Хотела приписать еще что-нибудь, но остановила себя — во всём нужна мера.

«Пусть думает, что это письмо конкуренты по выборам послали, — Наталья мстительно прищурилась, перечитав текст. — Мне всё-таки не нужно портить с ним отношения. А вот его жена… Посмотрим, испортит ли их она!»

И Куницына, зло поджав губы, ткнула пальцем в кнопку отправки.

9

Динамики ожили, окатив здание аэропорта Шенефельд переливчатой звуковой волной, и мелодичный голос зашпрехал:

— Sehr geehrte Passagiere! Flug SU 2317 nach Moskau verzögert sich wegen schlechten Wetters. Wir entschuldigen uns!*

Состроив грустную рожицу, Анюта перевела:

— Наш рейс задерживают из-за плохой погоды.

— Так я и думал! — возмущенно всплеснул руками Петр Тимофеевич, и облокотился на спинку инвалидной коляски.
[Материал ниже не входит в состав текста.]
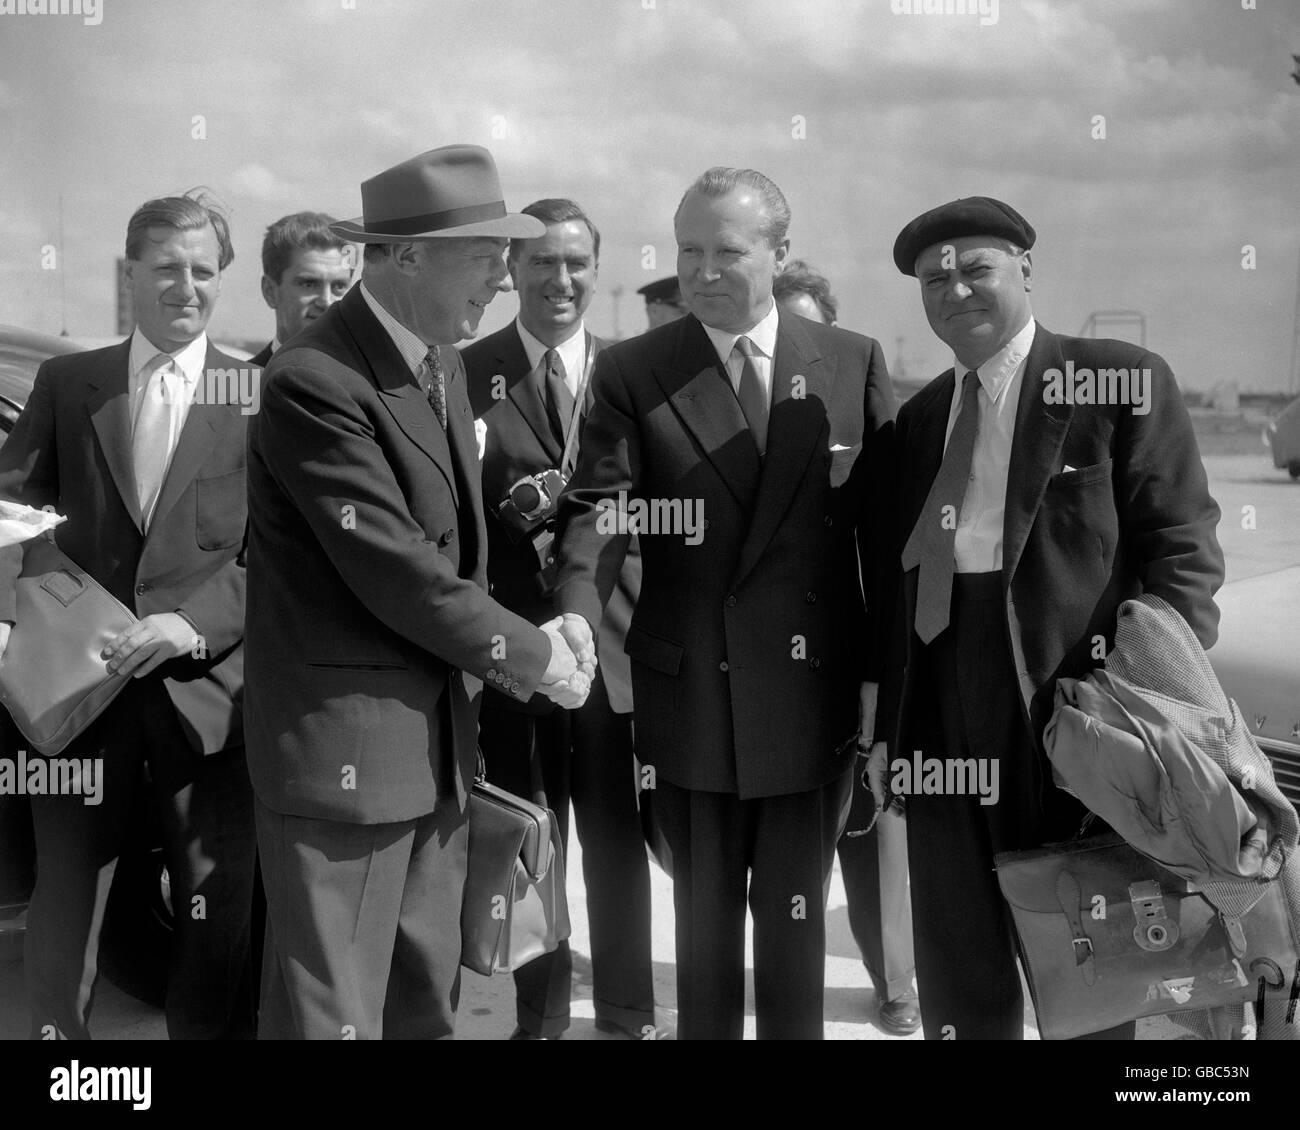 Politics - Hugh Gaitskell and Aneurin Bevan - 1959 - Stock Image

Его одутловатое лицо с кустистыми смоляными бровями было посеревшим от усталости.

— Я тоже, потому что Лесси еще в такси поскуливать начал. Он всегда так перед грозой, волнуется, — не поворачивая головы, отозвалась пианистка Катя — худощавая, коротко стриженая блондинка. Протянув руку, она нащупала холку своей собаки-поводыря — крупной овчарки, смирно сидевшей справа от хозяйки. Запустила пальцы в шерсть, потрепала любовно: — Спокойно, Лессик, мы под дождь не пойдем.

Остальные шесть участников балетной труппы тоже загомонили, выражая неудовольствие. А Элина Совка озабоченно глянула на часы. Двадцать два четырнадцать. Их рейс должен вылететь в половине первого ночи. Посадку для людей с ограниченными возможностями объявляют примерно за полтора часа до отправления, вот они и прибыли заблаговременно, едва успев переодеться после заключительного выступления. Все были вымотаны донельзя, и нервничали от нетерпения: домой, скорее домой! Но в высокие окна аэропорта хлестала вода — будто из пожарного брандспойта. Ветвистые вспышки молний и грохот разъяренных, сталкивающихся лбами, туч не оставляли надежды на то, что гроза закончится быстро.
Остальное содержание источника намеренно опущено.